Sunday, August 28, 2011

WebLogic: NodeManager for Linux Machines

I recently needed to set up Node Manager on a Linux machine.  I was surprised that I wasn’t able to find the documentation that I needed in order to configure it properly, and gave up after a few minutes of searching for the right scripts and articles on the web. 

When I had more time I decided to take another look.  After about an hour of fiddling and searching I got it working as an xinetd service on my Linux machine.  However, I still couldn’t find a good online reference so I decided to create one Smile

What is the Node Manager?

The Node Manager is a process that can be configured to run on machines where WebLogic is installed.  It serves the purpose of starting and stopping Managed Servers of WebLogic domains.  The goal of this process is to ease management of WebLogic domains by allowing you to remotely start and stop Managed Servers.  With the Node Manager you can log into the Admin Console for the domain and select the instances you want to start and stop:

SNAGHTML2e7639

 

One of the great things about the Node Manager is that you can change the classpath and startup (Java) options for your managed servers from the Admin Console as well.  This can be useful when you are troubleshooting a node and adding debug flags, temporary server options, etc:

image

How does it work?

The NodeManager for WebLogic operates in one of two ways:

  • Java Node Manager – This blog post is focused on the Java Node Manager.  This runs as a JVM process on the machine(s) where you have WebLogic Managed Servers or Coherence Cache Servers you want to use with Node Manager.  It defaults to listen on port 5556 and receives requests from the Admin Server to start and stop Managed Servers and Coherence Cache Servers.  This should be set up to run as a System Service such that when the machine is rebooted the service will be restarted as well.
  • Script Based Node Manager – The Script-based node manager uses SSH and shell scripts to start server processes on Machines.  The script-based node manager is not the focus of this article.

 

Making it work on Linux

I had a challenge making the Node Manager work on Linux.  It required a fair amount of troubleshooting and manual steps to get it to work.  Here’s what I did:

1. Investigate the Windows scripts to install the Java Node Manager as a service:

I had gotten the Node Manager to work on Windows several times in the past and it was easy & straightforward.  In order to get it to work on Linux I decided to see how it worked on Windows.
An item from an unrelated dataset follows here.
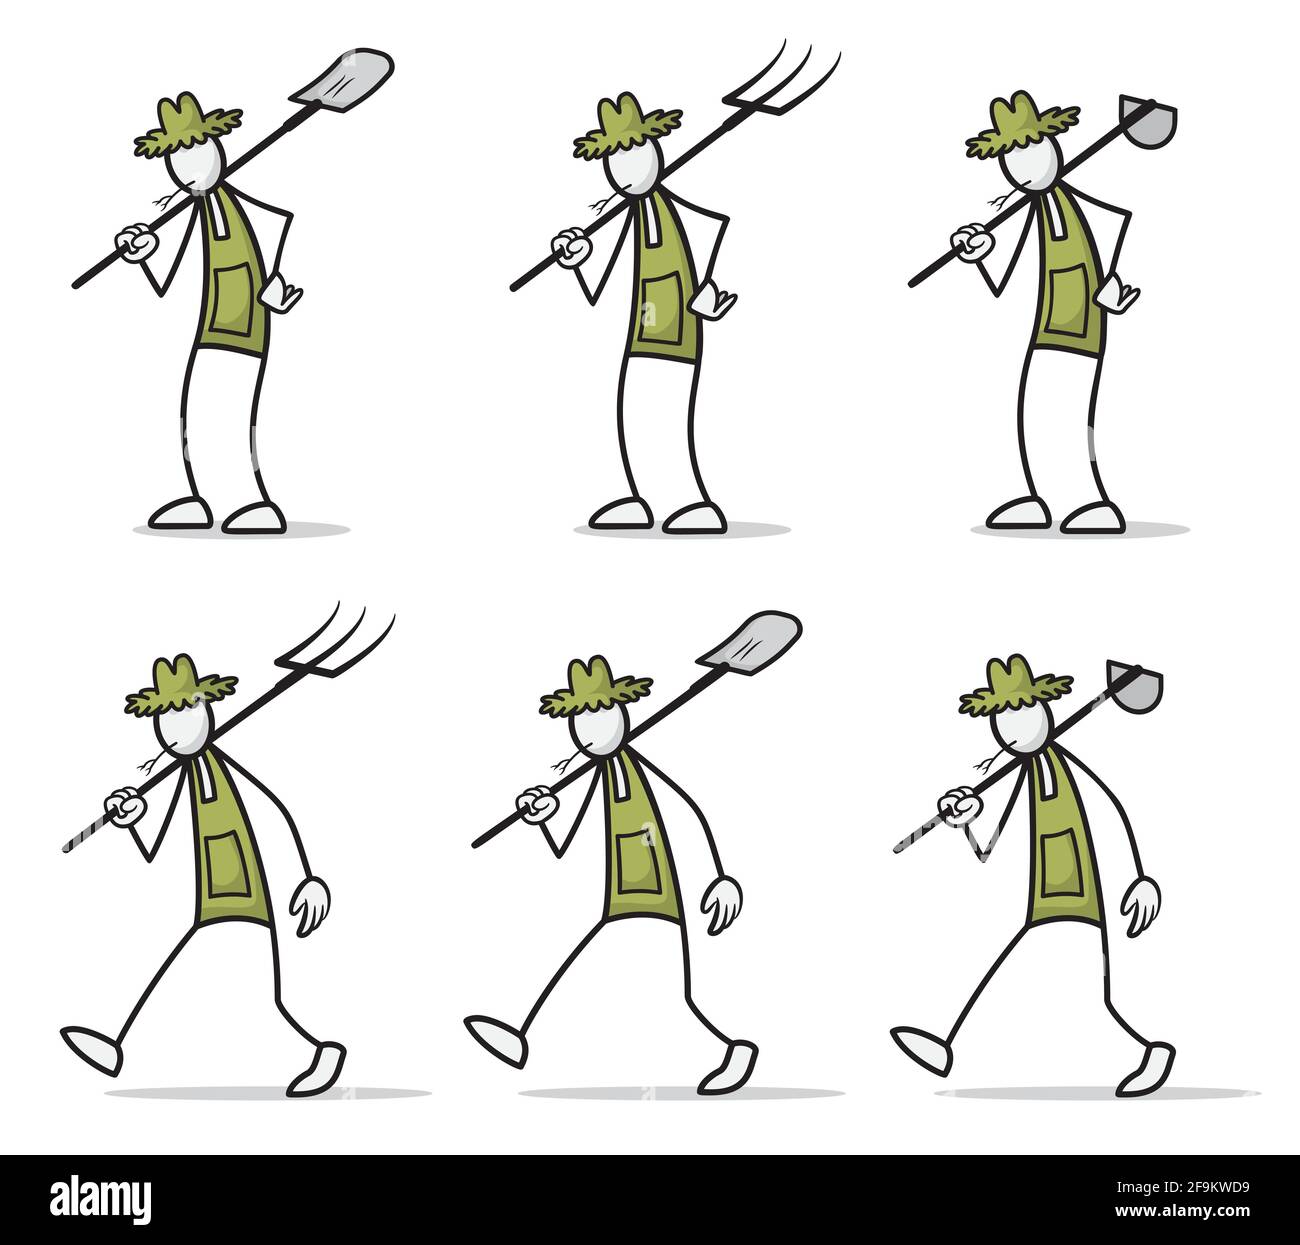 Set of farmer at outdoor activities in different poses. Print vector illustration Stock Vector

The Windows installation of WebLogic includes scripts to install the Node Manager as a service.  You can find them here: <WL_HOME>/server/bin (C:\Oracle\Middleware\wlserver_10.3\server\bin).  I observed these key lines:

image

Here you can see the listen address & port being set as well as the Java startup class for the Node Manager. 
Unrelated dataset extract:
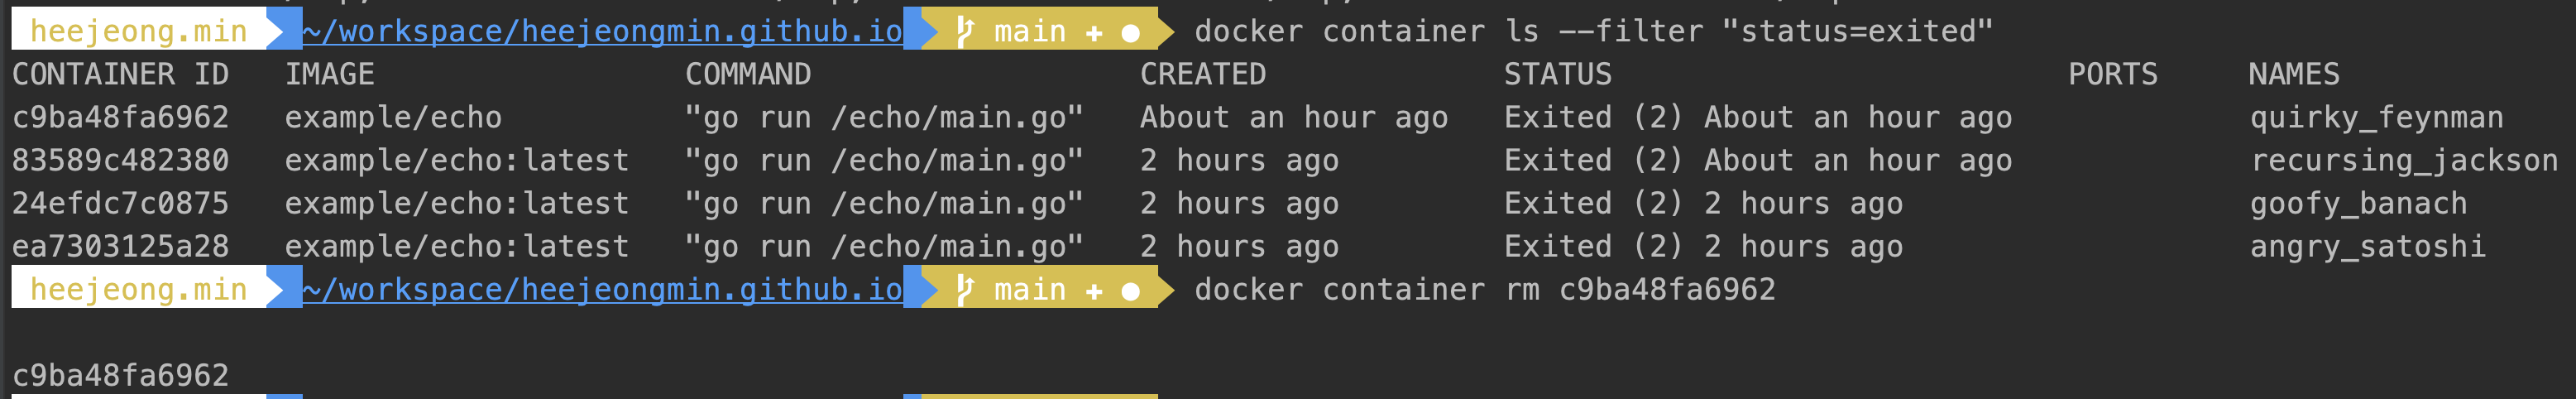 container_rm.png

2. This seemed simple enough, so I translated this to a Linux/Unix shell script:

#!/bin/sh
export NODEMGR_HOME=${WL_HOME}/common/nodemanager
export NODEMGR_OUT=${NODEMGR_HOME}/nodemanager.out
#export NODEMGR_HOST=localhost
export NODEMGR_PORT=5556
export MEM_ARGS="-Xms32m -Xmx200m"
export JAVA_OPTIONS="-Djava.security.policy=${WL_HOME}\server\lib\weblogic.policy\ -Dweblogic.nodemanager.javaHome=${JAVA_HOME}"
. ${WL_HOME}/common/bin/commEnv.sh
export CLASSPATH=${WEBLOGIC_CLASSPATH}
if [ "${JAVA_VENDOR}" = "BEA" ] ; then
  export JAVA_VM="-jrockit"
fi
if [ "${JAVA_VENDOR}" = "Sun" ] ; then
  export JAVA_VM="-server"
fi
if [ "${NODEMGR_HOST}" != "" ] ; then
  JAVA_OPTIONS="${JAVA_OPTIONS} -DListenAddress=${NODEMGR_HOST}"
fi
if [ "${NODEMGR_PORT}" != "" ] ; then
  JAVA_OPTIONS="${JAVA_OPTIONS} -DListenPort=${NODEMGR_PORT}"
fi
COMMAND_LINE="${JAVA_HOME}/bin/java ${MEM_ARGS} -classpath ${CLASSPATH} ${JAVA_OPTIONS} weblogic.NodeManager"
echo "Starting Node Manager in directory=${NODEMGR_HOME} with command line=[${COMMAND_LINE}]"
cd ${NODEMGR_HOME}
nohup ${COMMAND_LINE} >${NODEMGR_OUT}   2>&1 &
echo "Node Manager Output written to ${NODEMGR_OUT}"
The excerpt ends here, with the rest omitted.